- Opening Delimiter -

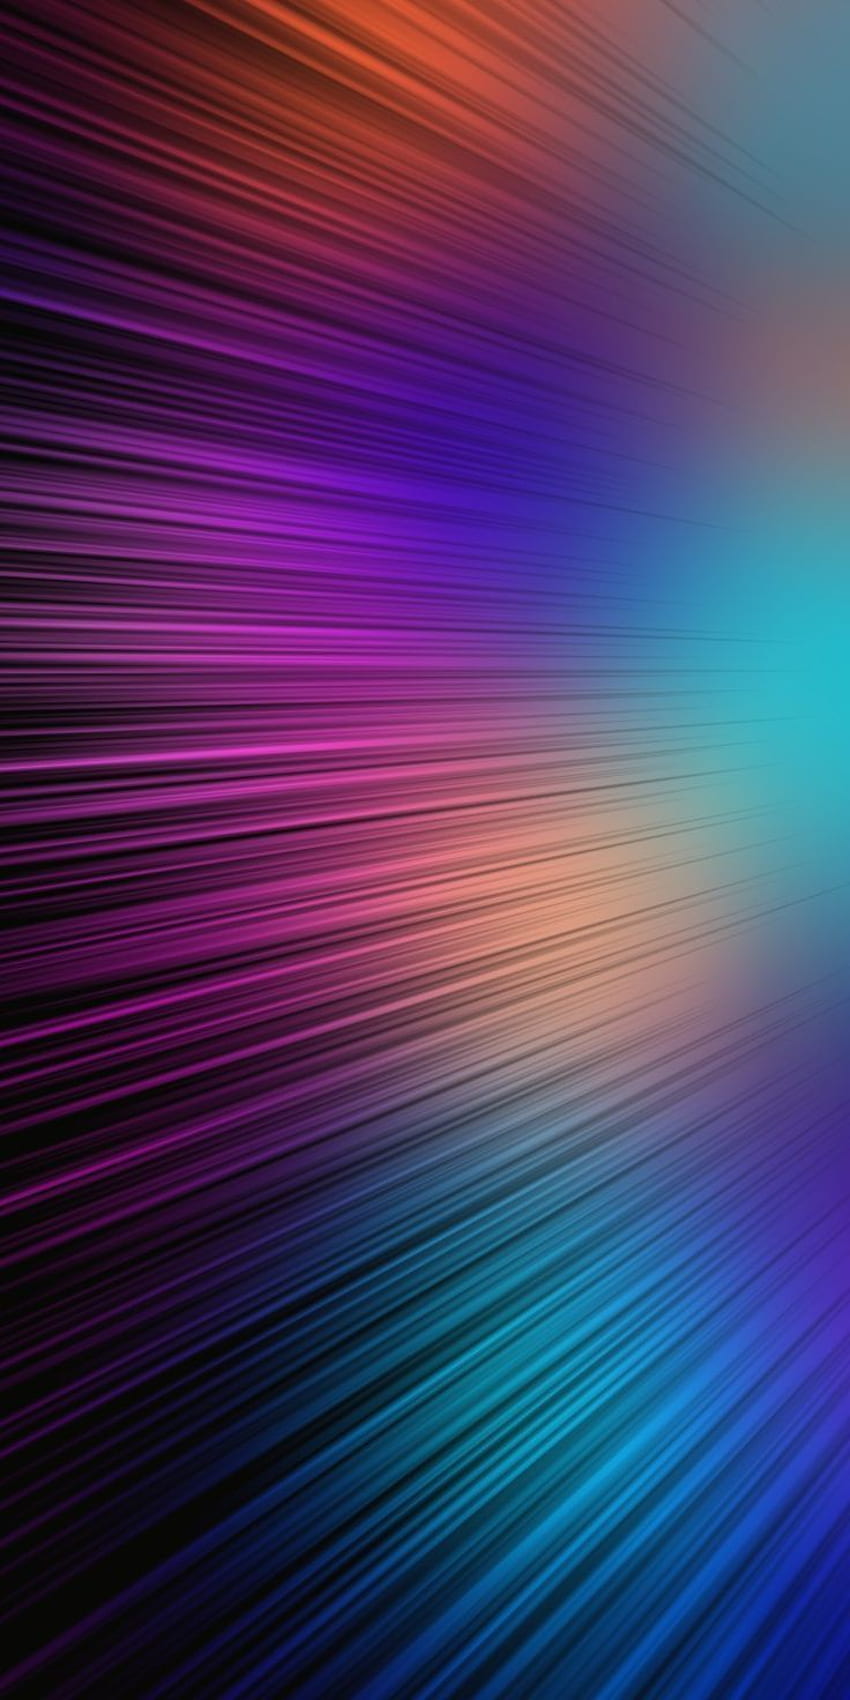 Gaming PinWire: Iyan Sofyan on Abstract Amoled Liquid Gradient - Pinterest 7. Original iphone , Abstract background y Colorful fondo de pantalla del teléfono
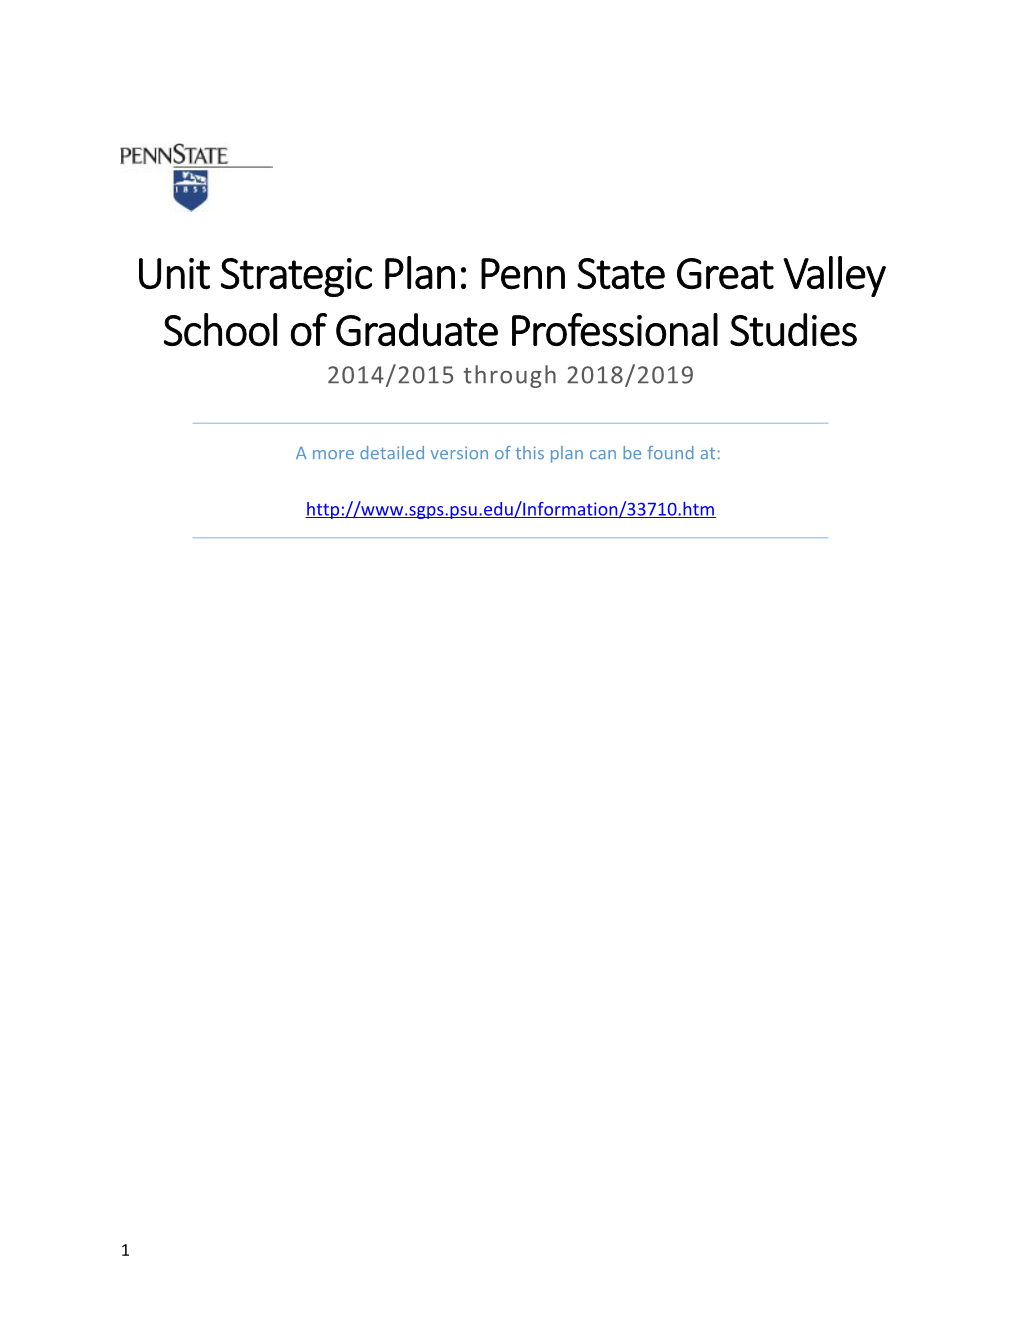 Penn State Great Valley Strategic Plan
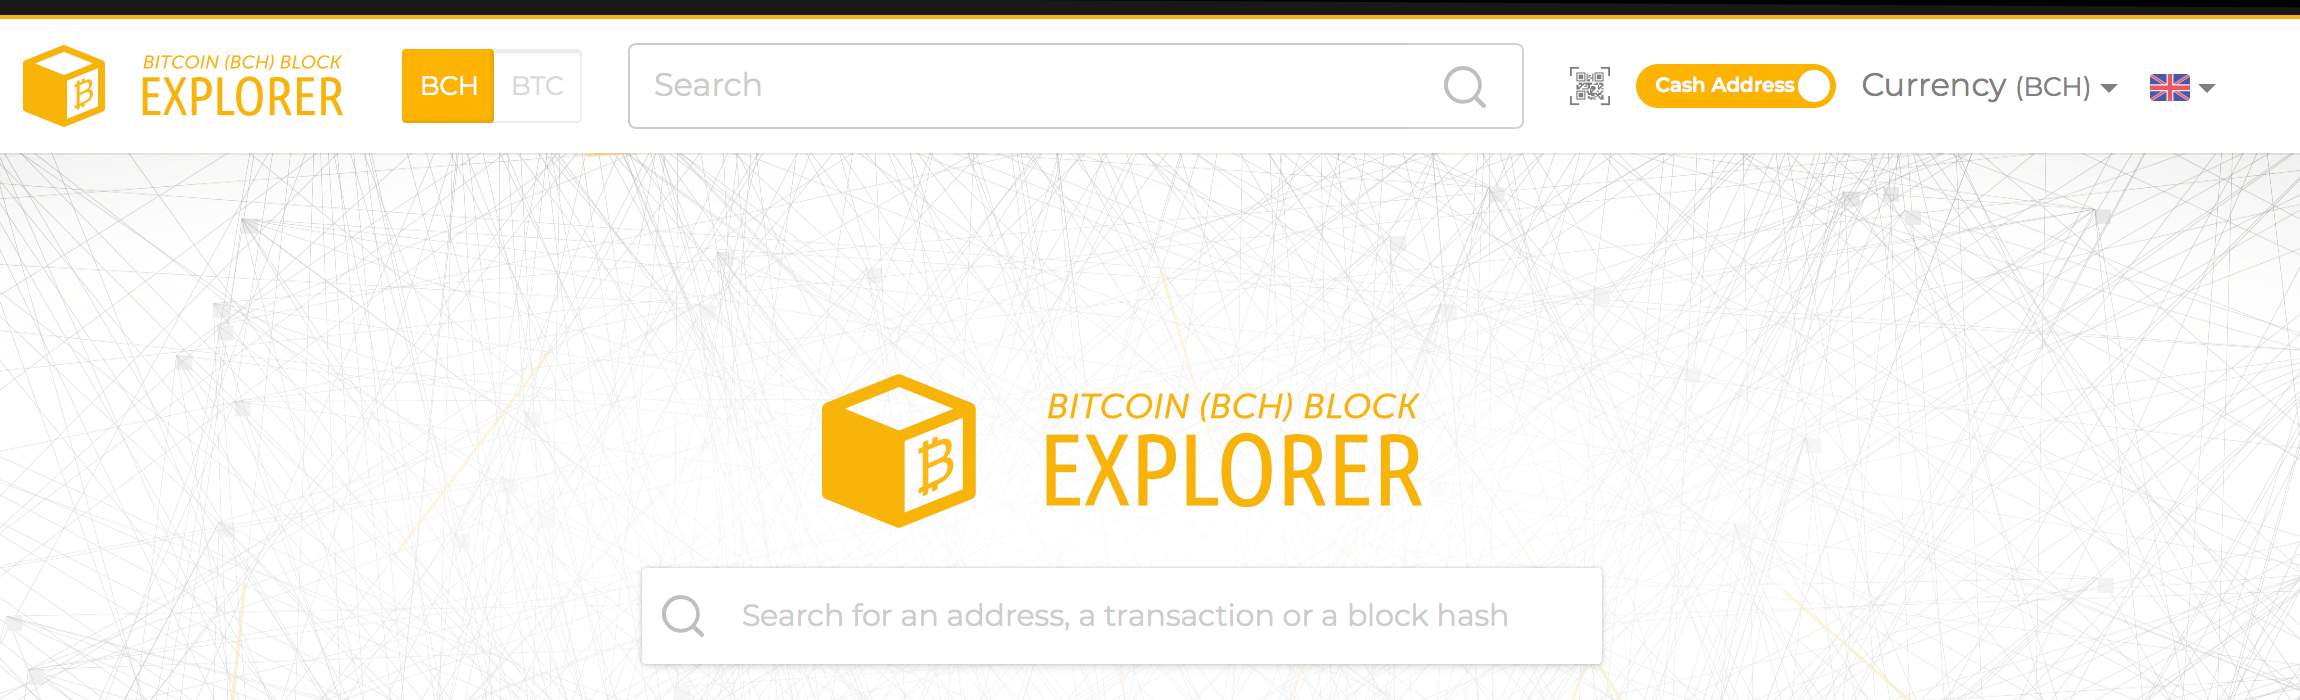 The Bitcoin BCH Block Explorer Explodes With Blockchain Data
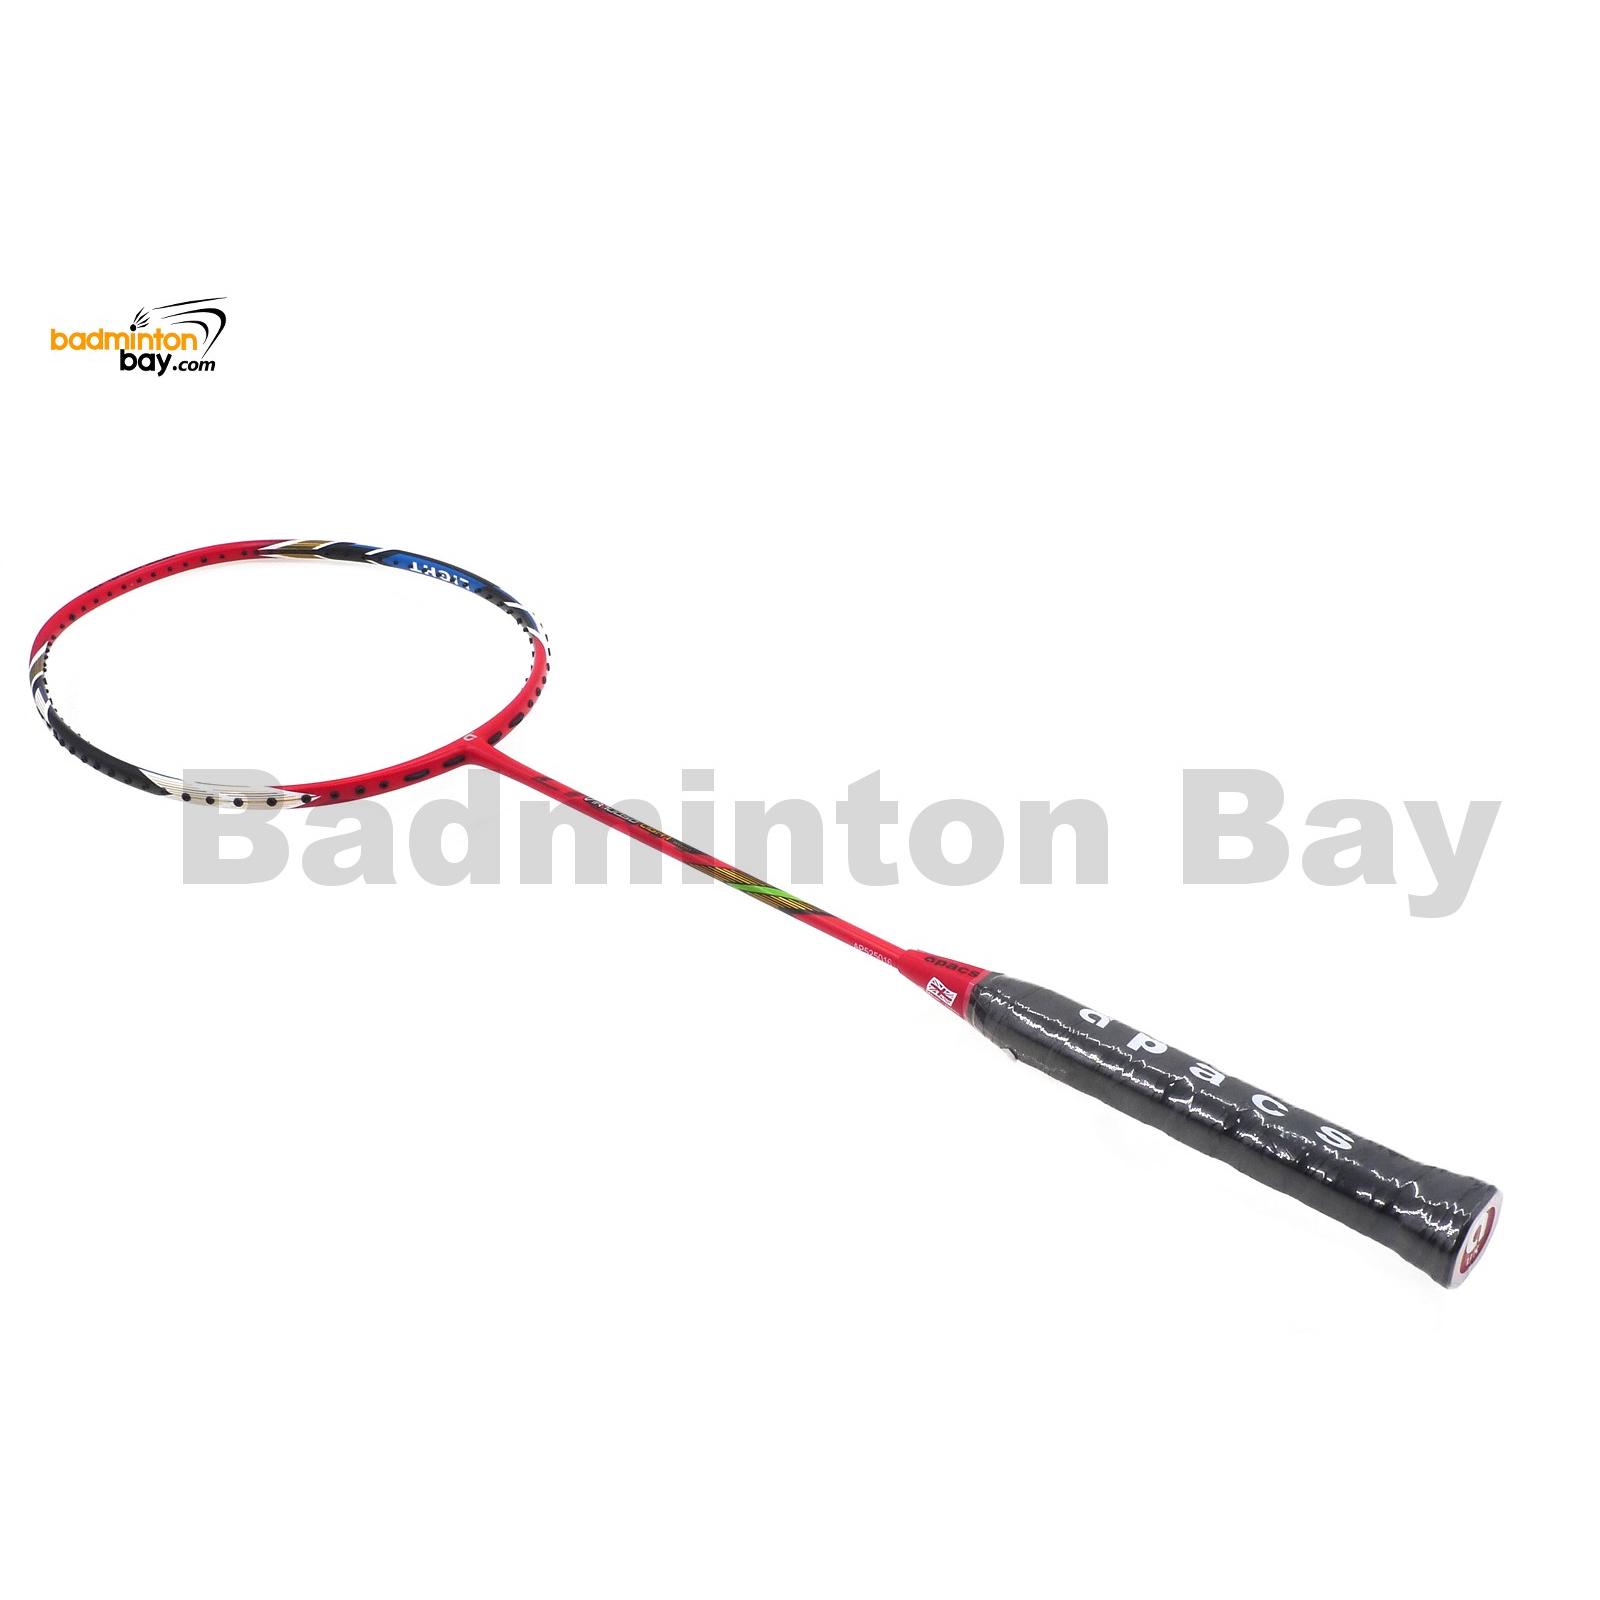 New Apacs Virtuoso Light Red 6U Badminton Racket Racquet Free Stringing Grip

- Closing Delimiter -

[AIM OF THE EXERCISE]
Copy out all the data without changing anything, and drop the pictures.

[RESPONSE FOR THIS EXERCISE]
 Gaming PinWire: Iyan Sofyan on Abstract Amoled Liquid Gradient - Pinterest 7. Original iphone , Abstract background y Colorful fondo de pantalla del teléfono
 Penn State Great Valley Strategic Plan
 The Bitcoin BCH Block Explorer Explodes With Blockchain Data
 New Apacs Virtuoso Light Red 6U Badminton Racket Racquet Free Stringing Grip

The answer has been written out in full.